Until then business and family (and related studies) had been dealt with as two separate, autonomous fields: it was difficult to convince scholars in either that it would be useful to get acquainted and cooperate. Moreover, the first studies in family business were case descriptions without any interpretative framework, which made it even more difficult to open a scientific debate. Finally, most family business professionals were practitioners at that time; as such, they were not well respected as researchers by the scientific community. Further, they were not very committed to publishing in order to share their knowledge and experiences with others.
Generally speaking, family firms traditionally have been considered—and not only by academics—as a residual of the past to overcome, beginning from the study by Berle and Means (1932) who considered separation between ownership and control as a fundamental condition of development for modern economies. Not surprisingly, the media were used to dealing with family businesses only to highlight how disputes among family owners or nepotistic behaviors negatively impacted the business.

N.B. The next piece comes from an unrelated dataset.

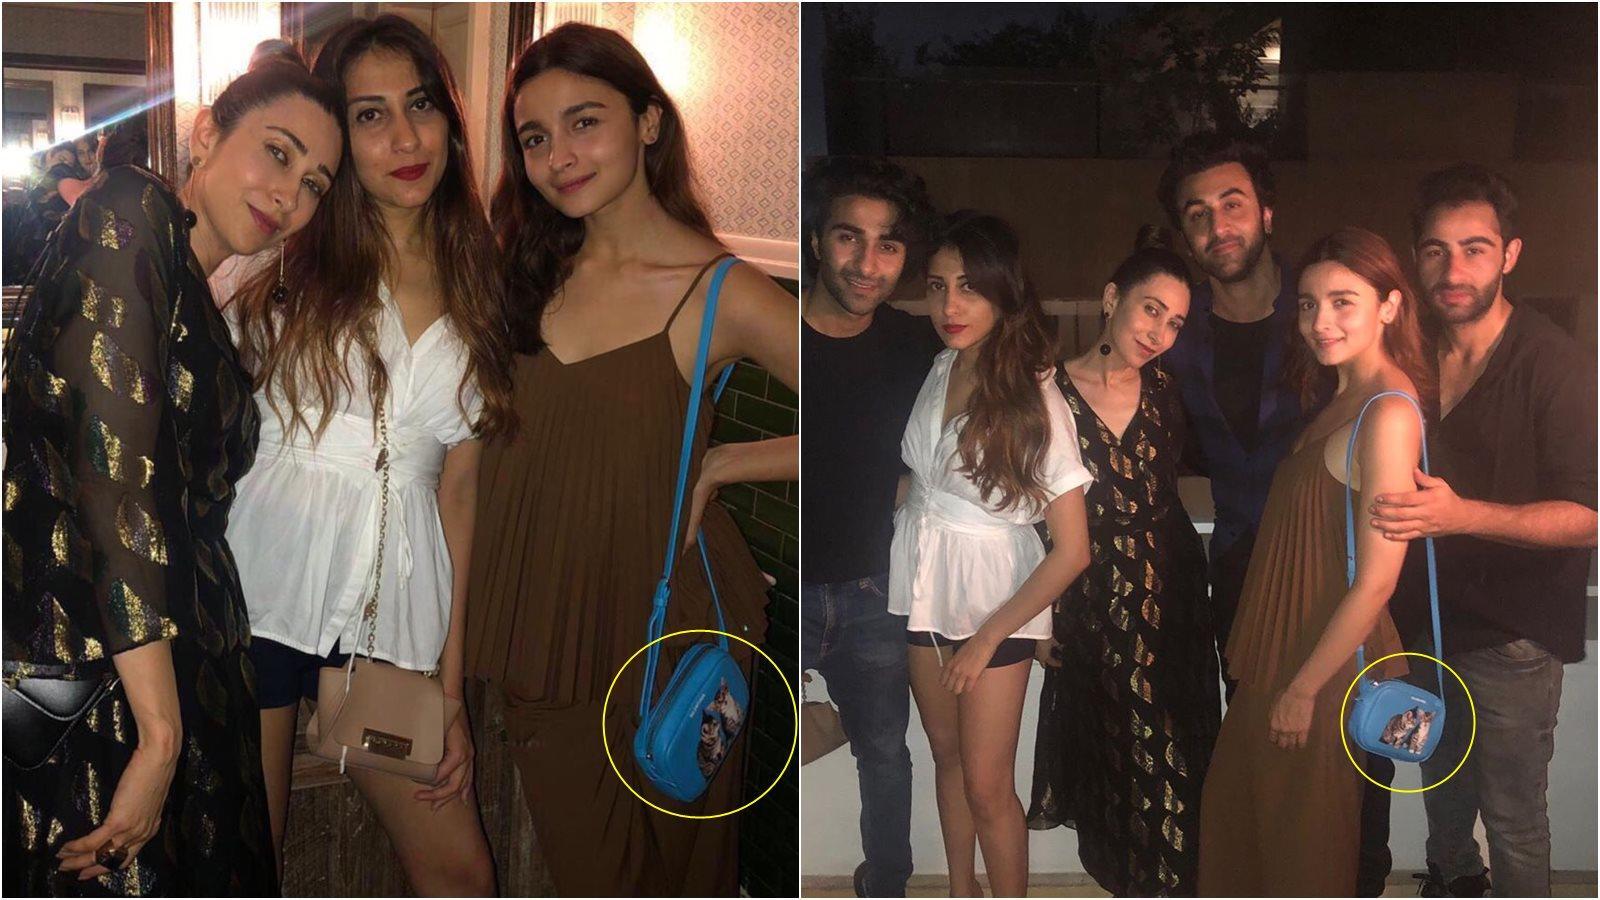 Alia Bhatt parties with Ranbir Kapoor and cousins, flaunts her expensive bag!

In 1984 something of decisive importance in the development of family business occurred: a group of North American scholars and practitioners, coordinated by Barbara Hollander, gave rise to the Family Firm Institute (FFI). By means of its various services, FFI has become a special forum for knowledge sharing and development. Particularly, annual conferences and the Family Business Review—founded by Ivan Lansberg in 1988—have been fundamental tools that helped develop theory and practice. In the leading article of the first issue, Lansberg himself provided significant data about how early the stage of the field’s development was: according to a study conducted on the Social Science Citation Index from 1977 to 1987, only 53 articles had been published in the US on family business issues, as compared with the 813 on entrepreneurship.
In 1990, the Family Business Network (FBN) was founded in Europe. Despite its different membership policies (there are more family business members and less professionals), FBN fulfills a similar mission by spreading family business knowledge and fostering a scientific and cultural debate on this topic.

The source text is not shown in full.